To the best of our knowledge, there is currently no report of employing polystyrene supported Cu(I) catalyst in A3-coupling reactions. Herein, we report that polymer supported Cu(I) catalyst is an efficient catalyst in the A3 coupling reactions of aldehydes, amines and alkynes under aerobic conditions in aqueous medium. Moreover, the effects of solvent and temperature, and the recycling potential of the catalyst have been studied. This catalyst could be easily separated from the reaction mixture by filtration and reused several times without significant degradation in activity.
2 Experimental
2.1 Materials and Instruments
Chloromethylated polystyrene (5.5 mmol Cl/gm of resin) was purchased from Sigma-Aldrich.
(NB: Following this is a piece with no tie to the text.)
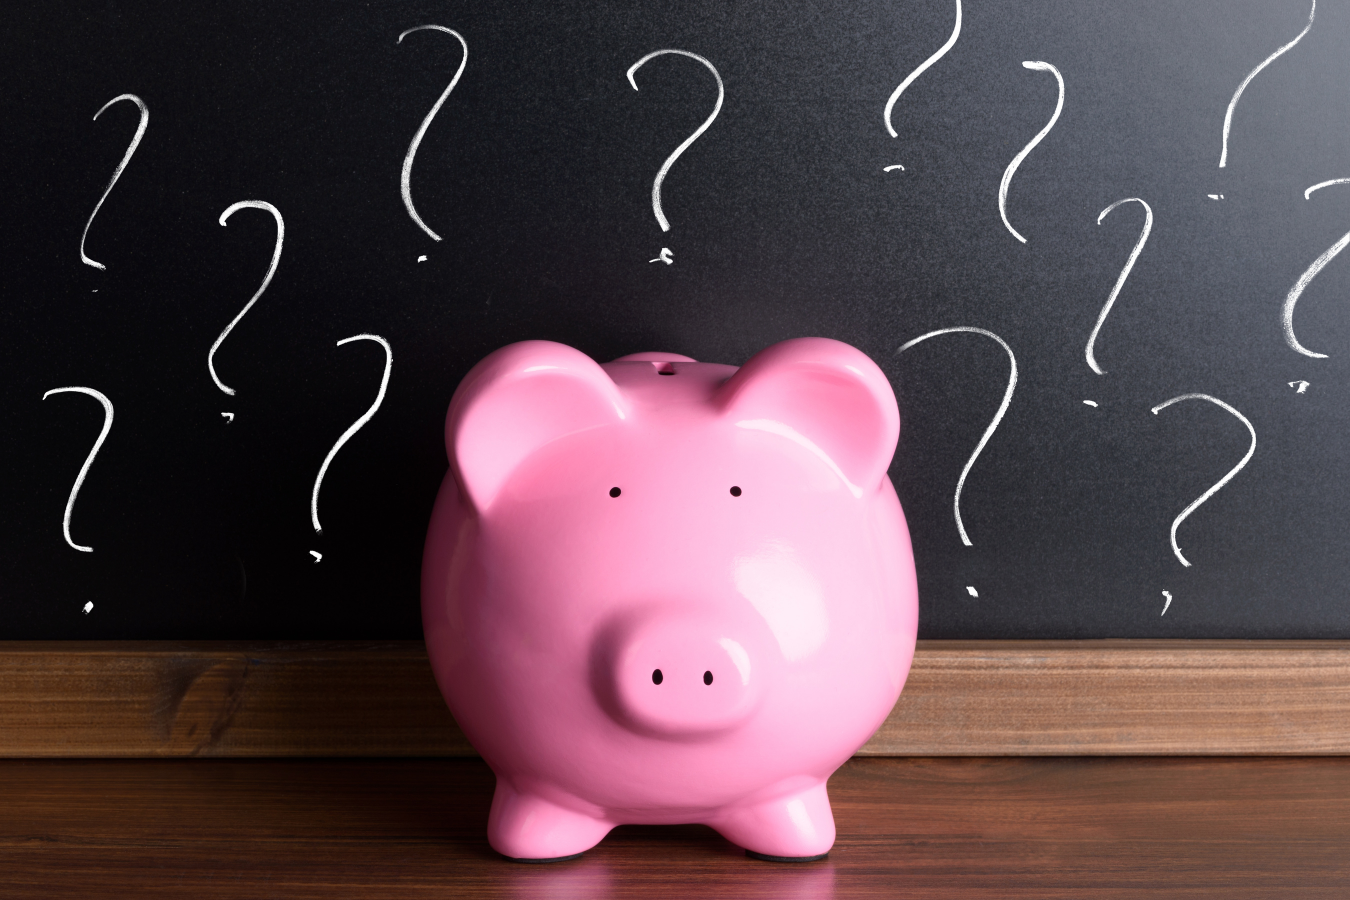 Piggy bank surrounded by question marks: when the economy is uncertain, using flex talent can help

All other chemicals used for this investigation purposes were purchased from commercial sources and were used without purification. Before use, all solvents were distilled and dried following the standard process.
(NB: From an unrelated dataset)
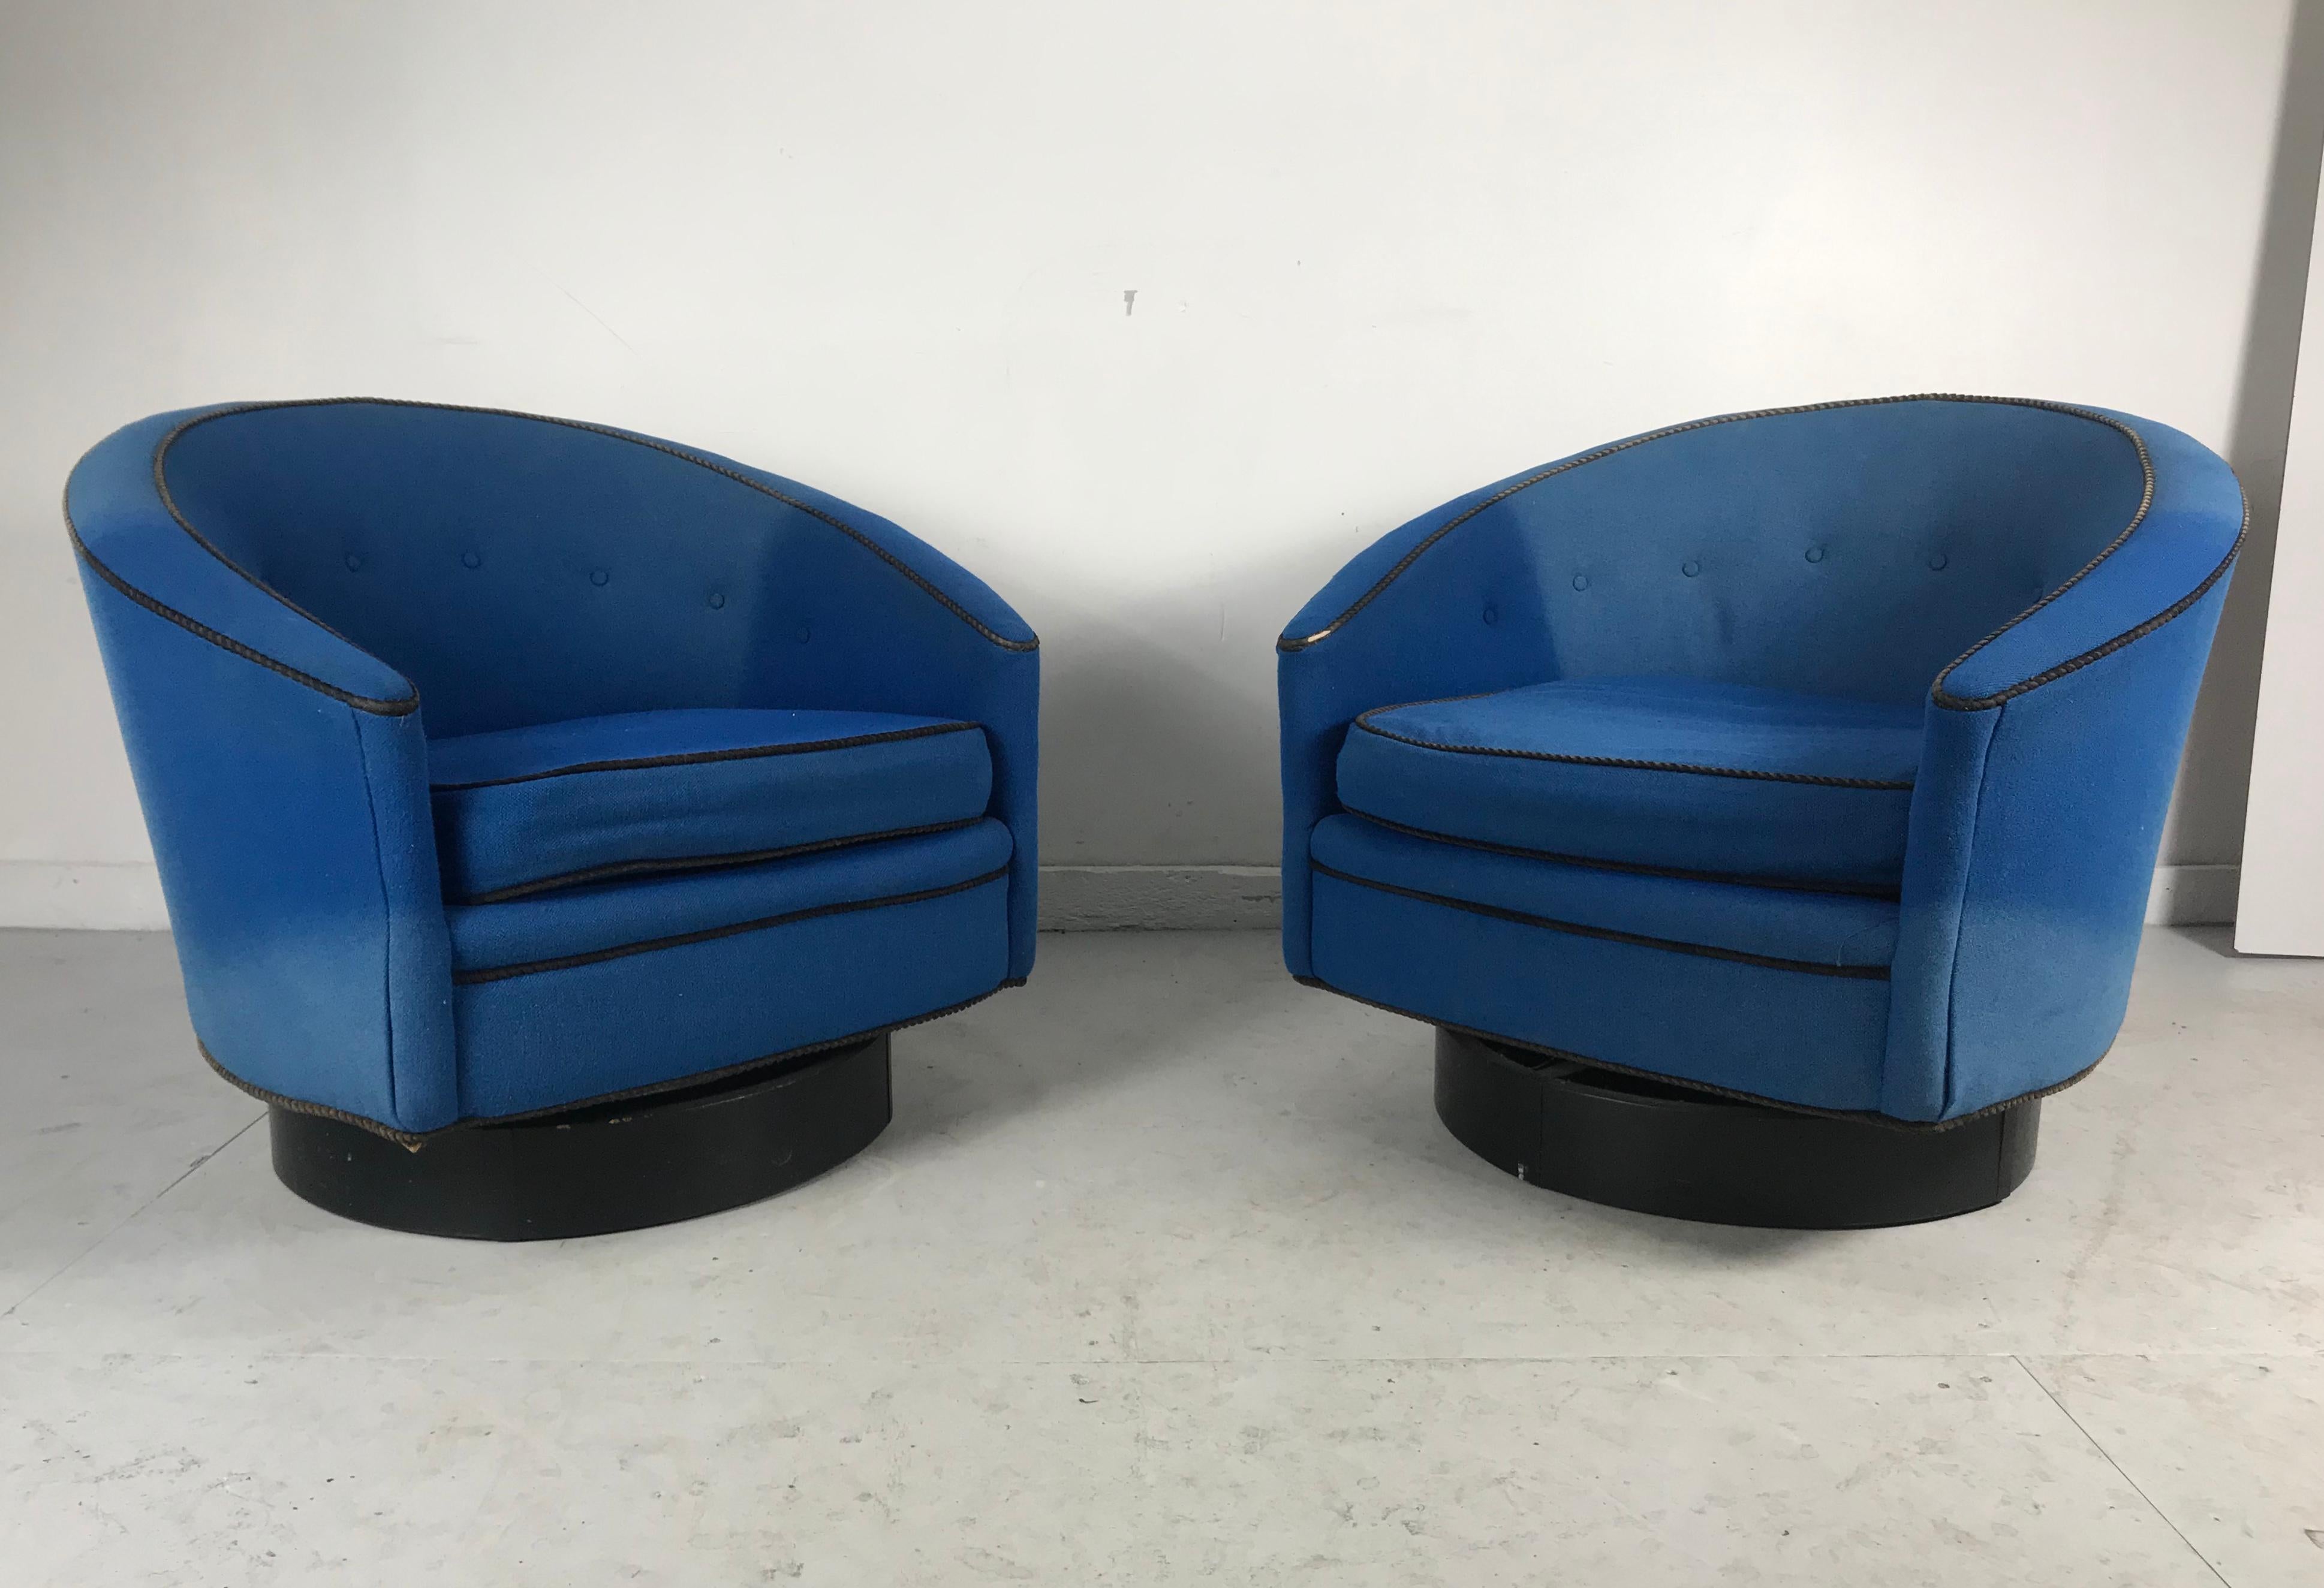 Stunning pair of Modern Regency swivel lounge chairs designed by Lawrence Peabody, Richardson Nemschoff, retain original Nemschoff Chairs label, Classic sleek, elegant modernist design, original quality blue wool upholstery, some fading and interior

A PerkinElmer 2400 C elemental analyzer was used to collect micro-analytical data (C, H and N). The FT-IR spectra of the samples were recorded from 400 to 4000 cm−1 on a PerkinElmer FT-IR 783 spectrophotometer. A Mettler Toledo TGA/SDTA 851 instrument was used for TGA. The morphology of the functionalized polystyrene and complex was analyzed using a scanning electron microscope (Zeiss EVO40, UK) equipped with EDX facility. The copper content in the catalyst was determined using a Varian AA240 atomic absorption spectrophotometer. NMR spectra were monitored on a Bruker AMX-400 NMR spectrophotometer (400 MHz for 1H NMR) using tetramethylsilane as internal standard.
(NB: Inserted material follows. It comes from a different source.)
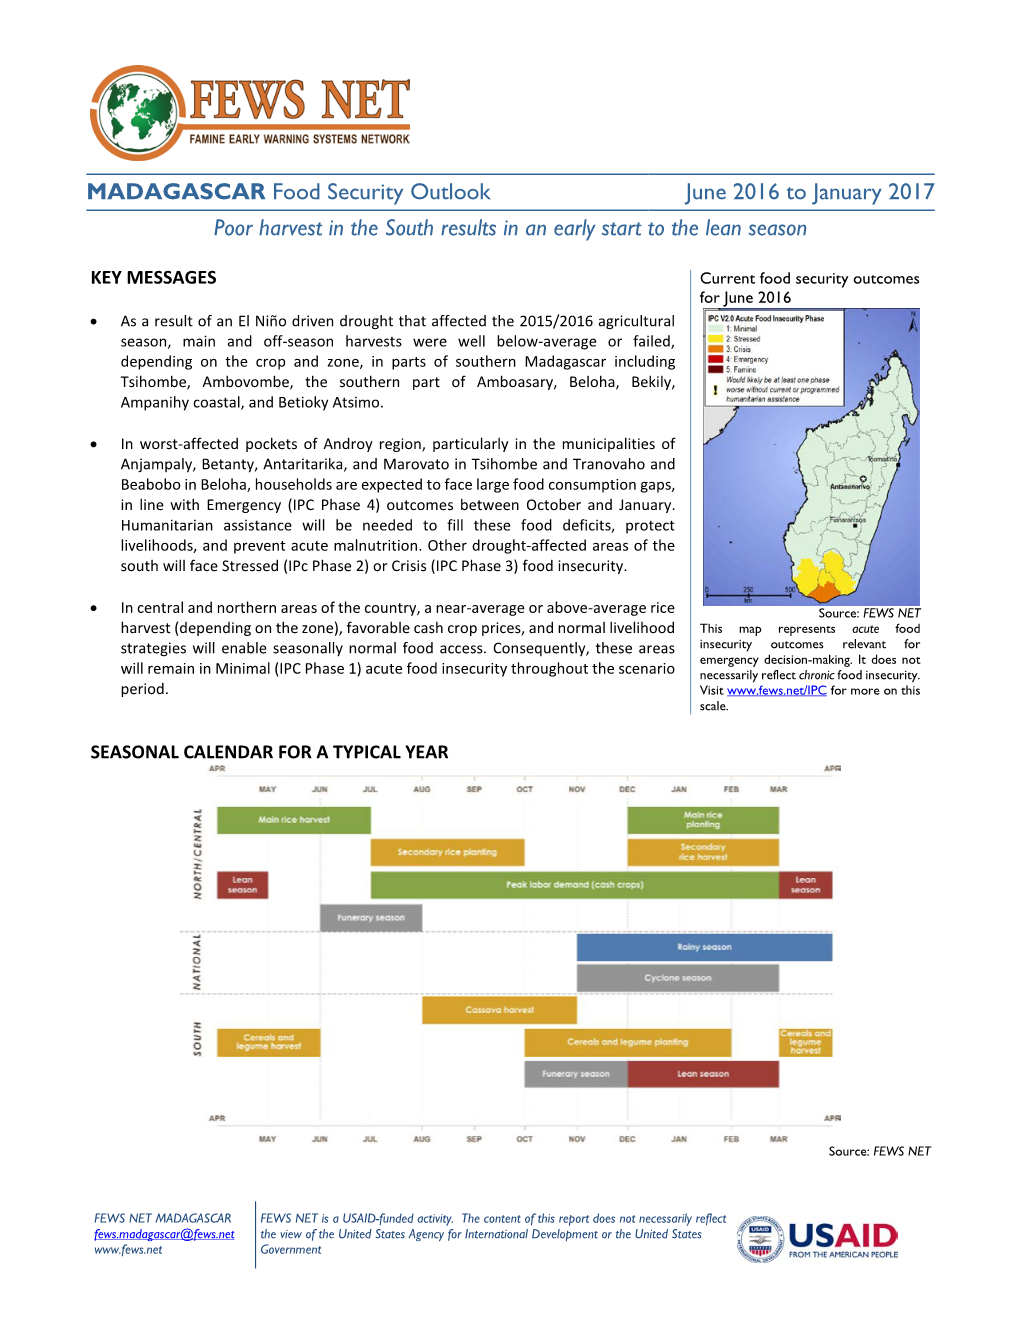 MADAGASCAR Food Security Outlook June 2016 to January 2017 Poor Harvest in the South Results in an Early Start to the Lean Seas

2.2 Synthesis of Polymer Supported Ligand
Chloromethylated polystyrene beads (1) were functionalized with aldehyde group according to a literature procedure [43]. Then β-alanine (0.4 gm) was added to the stirred aldehyde-bearing polymer beads (2) (1 gm) in methanol (25 mL) and refluxed for next 20 h. After filtration and washing with absolute methanol, the polymeric ligand (3) was obtained.
2.3 Loading of Metal on to the Polymeric Ligand
Polymeric ligand (3) (1 gm) was stirred for 20 h with CuI (0.07 gm) in acetonitrile (20 mL) under refluxing condition. At the end of the reaction, the resulting metal-loaded polymer (4) was filtered, washed with acetonitrile, methanol and finally dried under vacuum for 6 h at 90 °C.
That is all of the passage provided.